= WHAT YOU HAVE TO DO =
Using the data below, restate exactly every line from the one with "Man Working With Drone For Business" up to and including the one with "Impact fabric in". No picture belongs in it.

= TASK INPUTS =
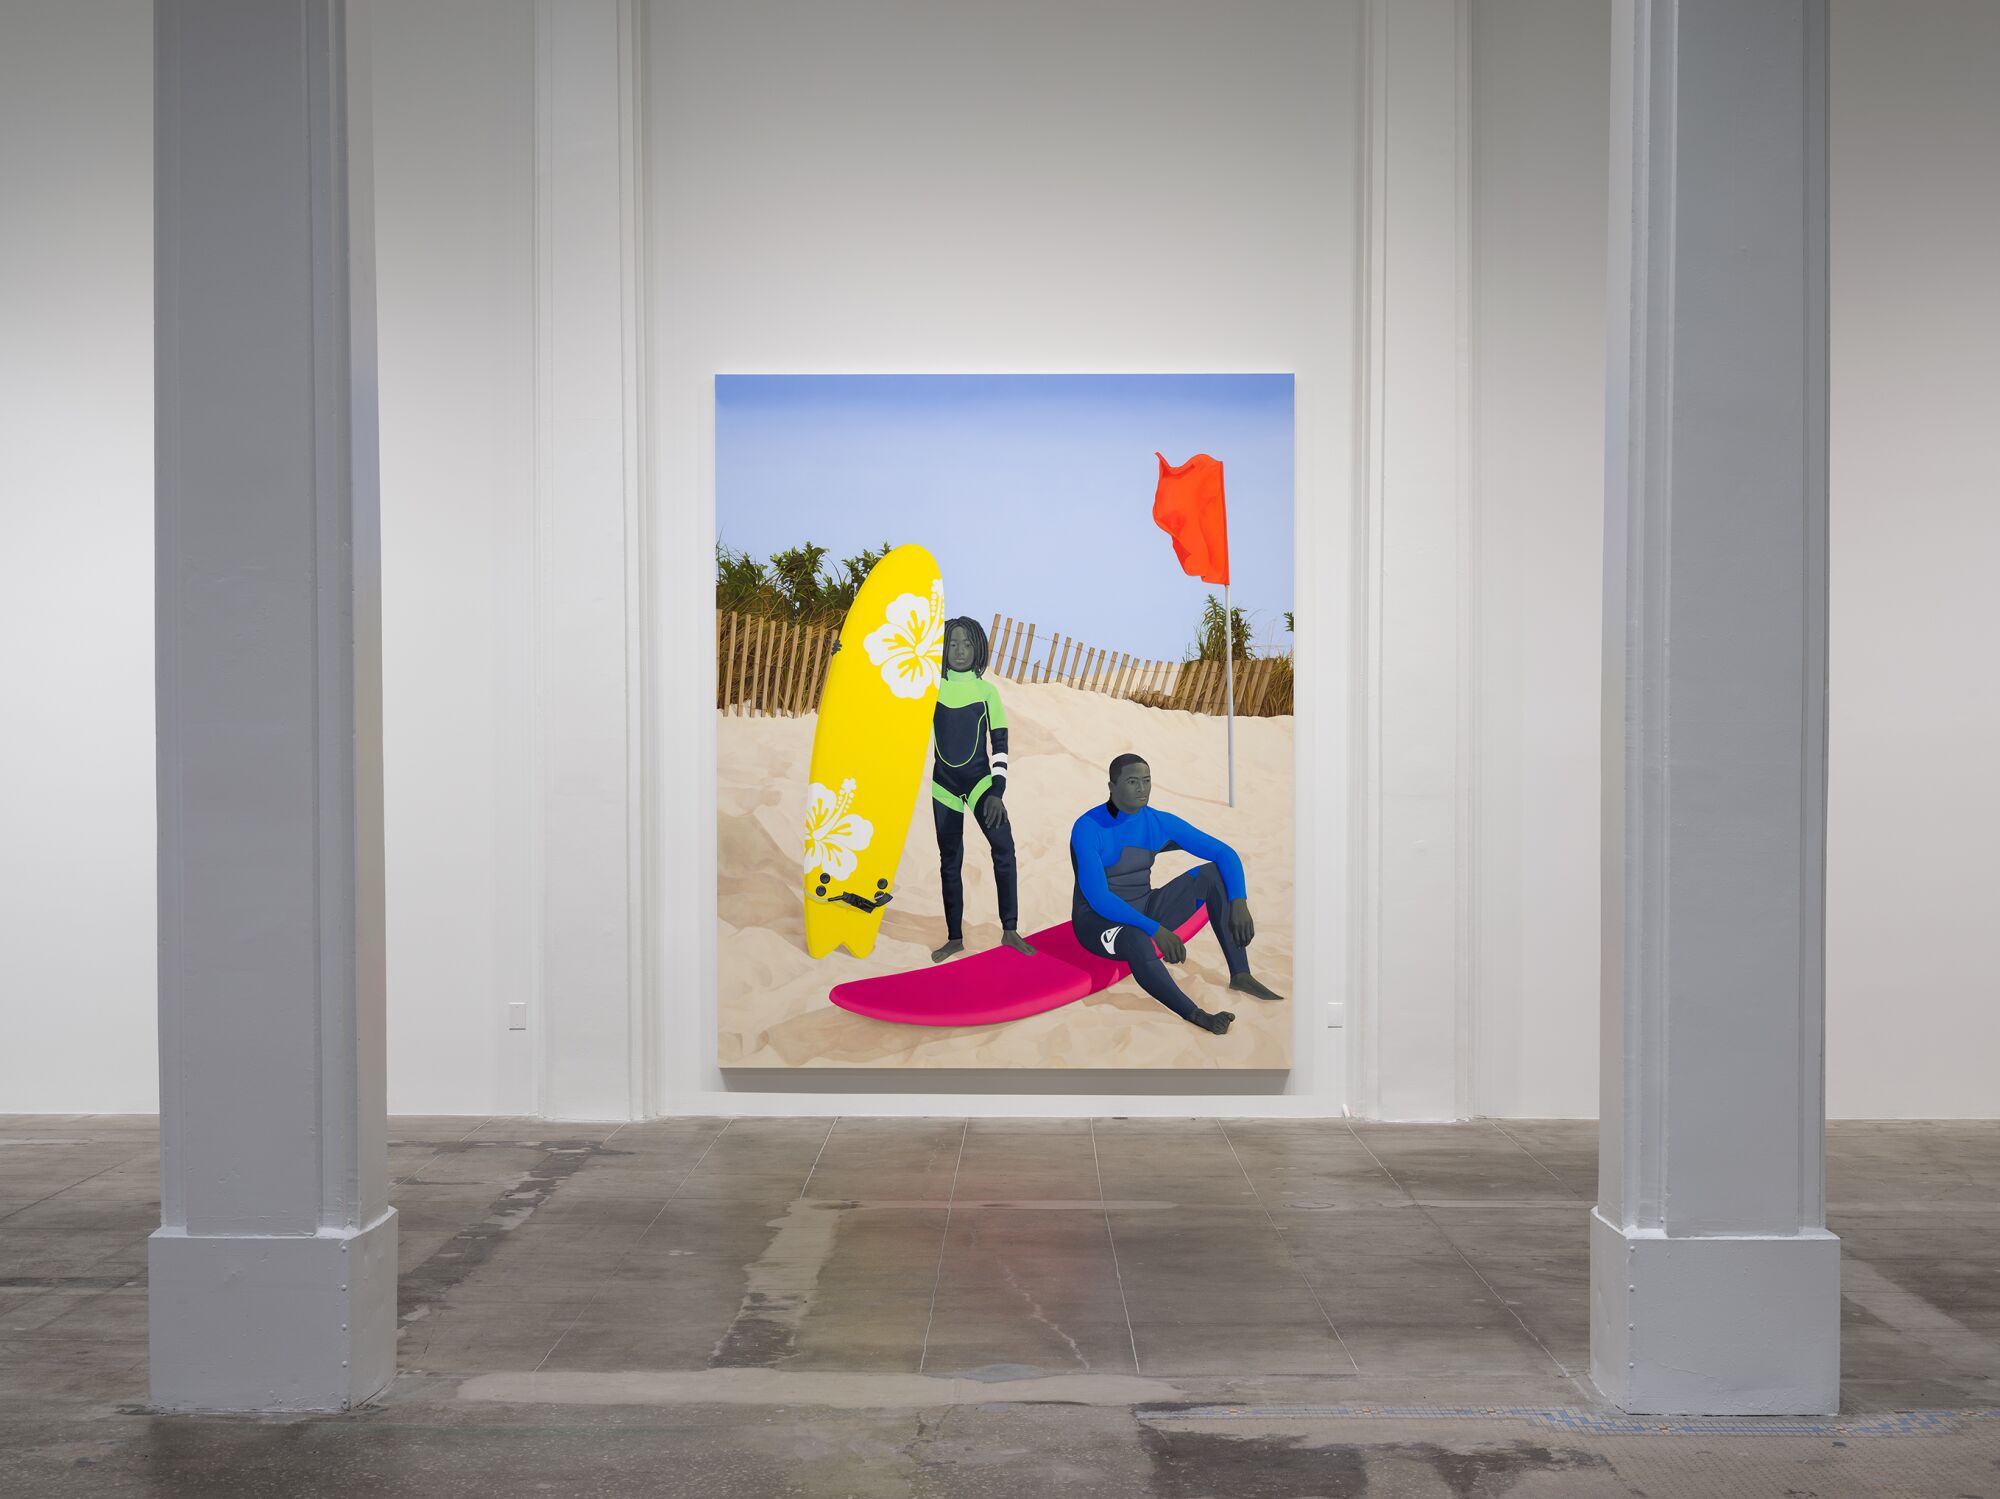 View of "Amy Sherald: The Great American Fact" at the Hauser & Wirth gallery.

==

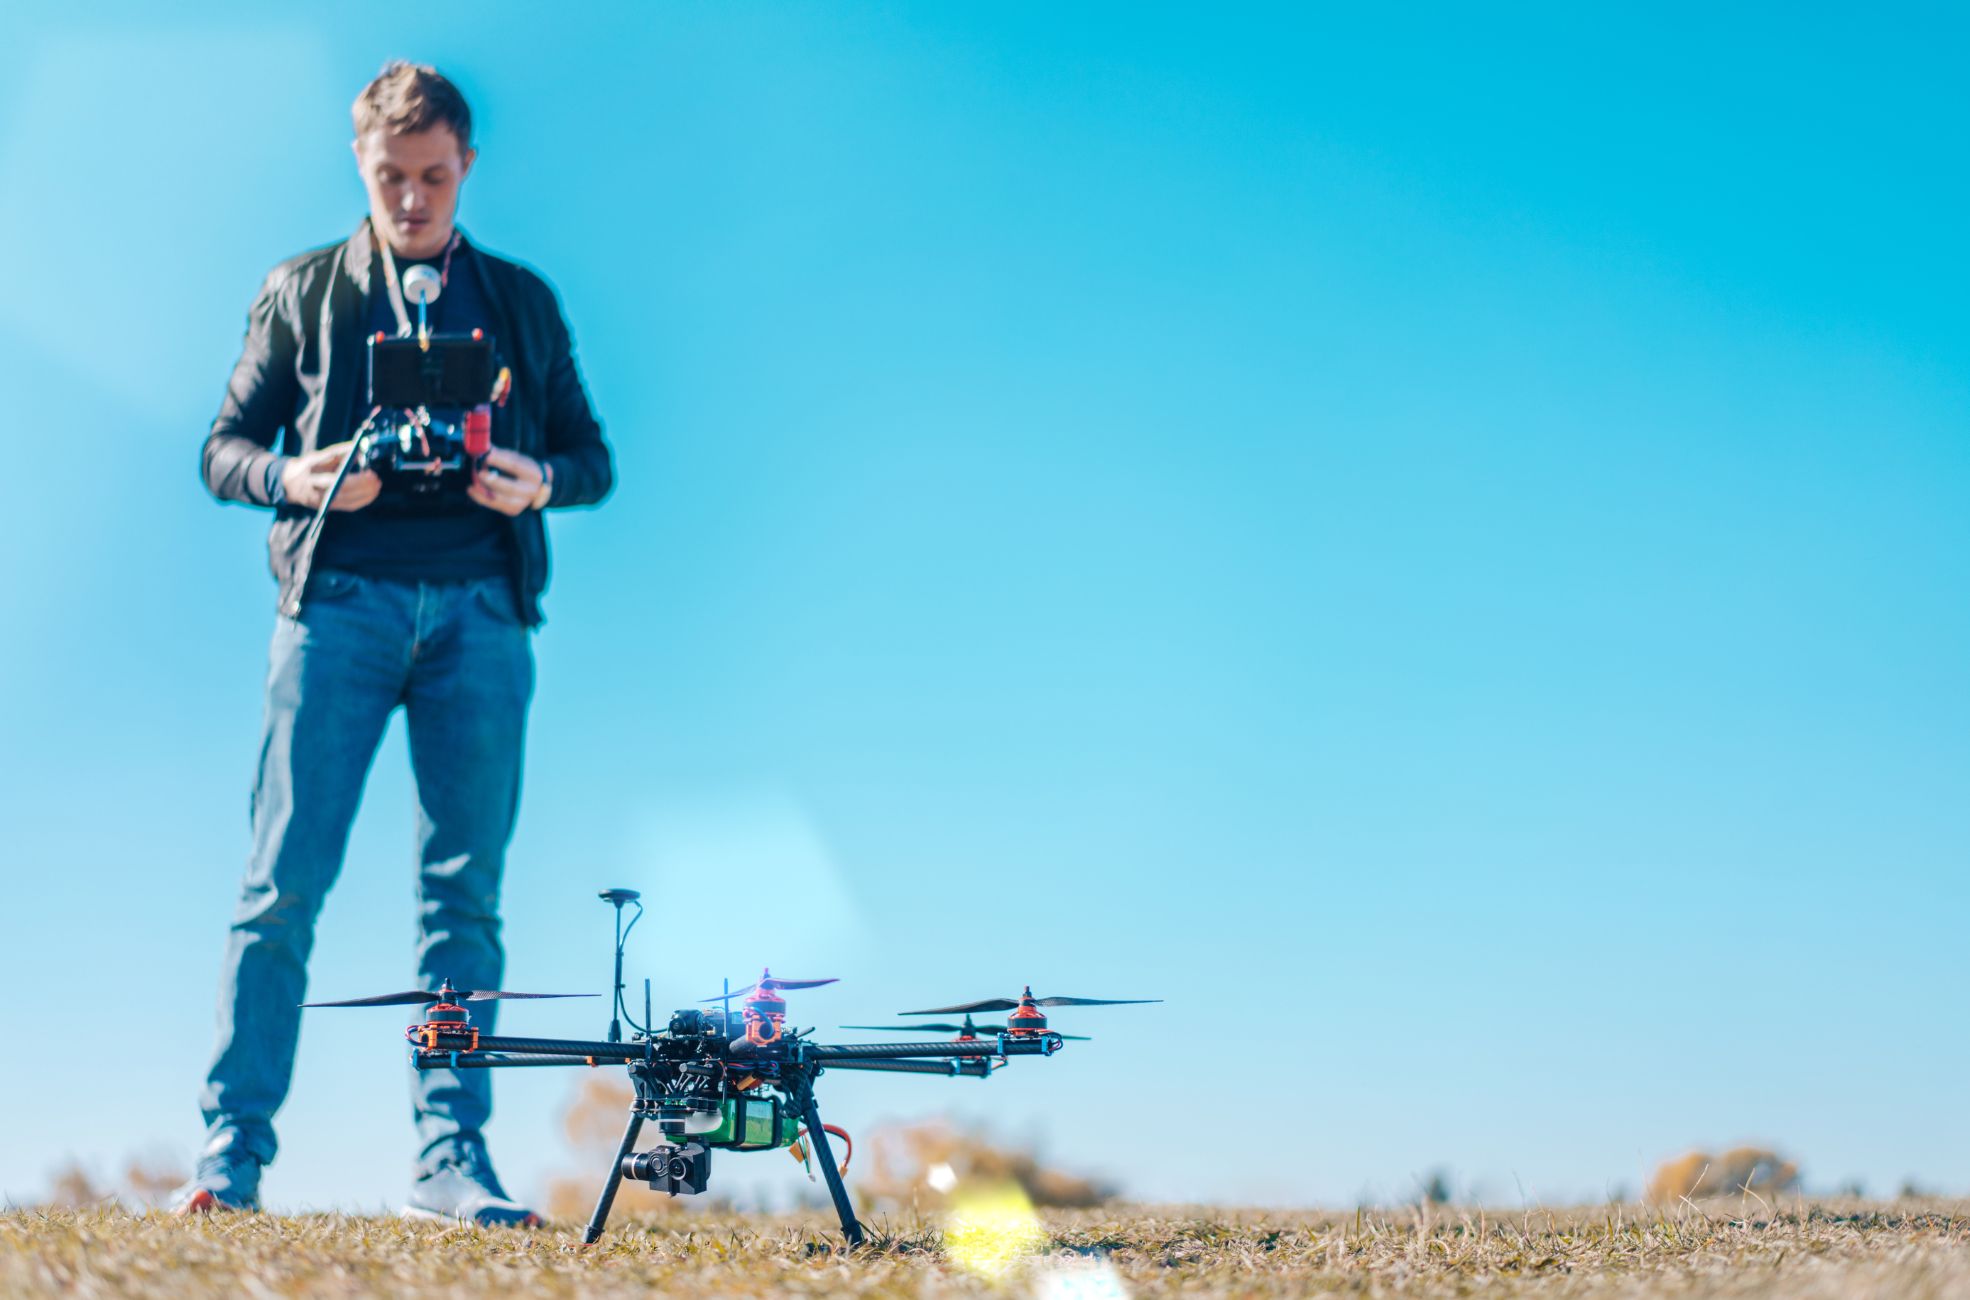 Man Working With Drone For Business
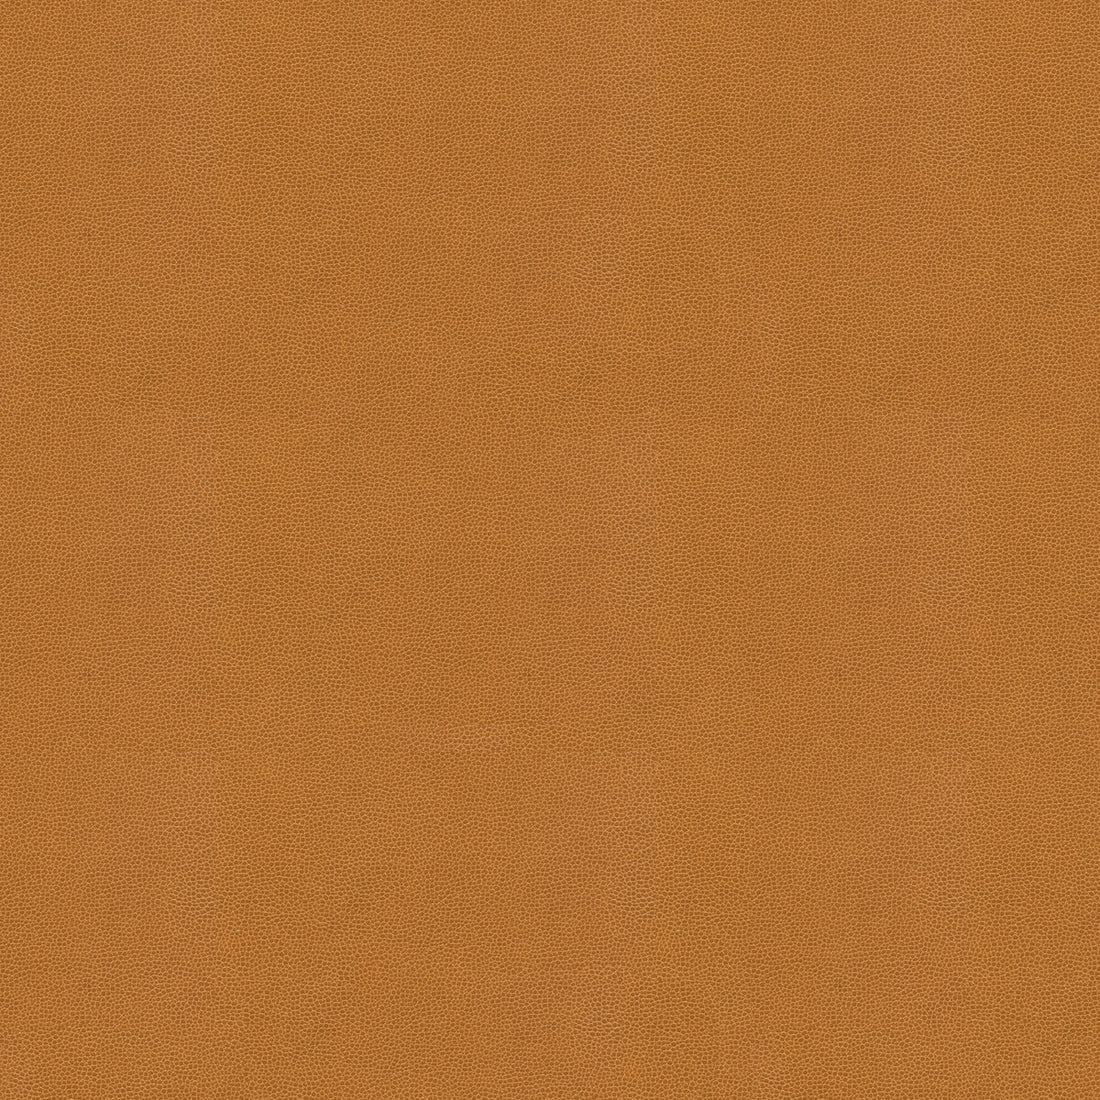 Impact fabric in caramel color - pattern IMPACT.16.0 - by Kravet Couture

= RESULT =
 Man Working With Drone For Business
 Impact fabric in caramel color - pattern IMPACT.16.0 - by Kravet Couture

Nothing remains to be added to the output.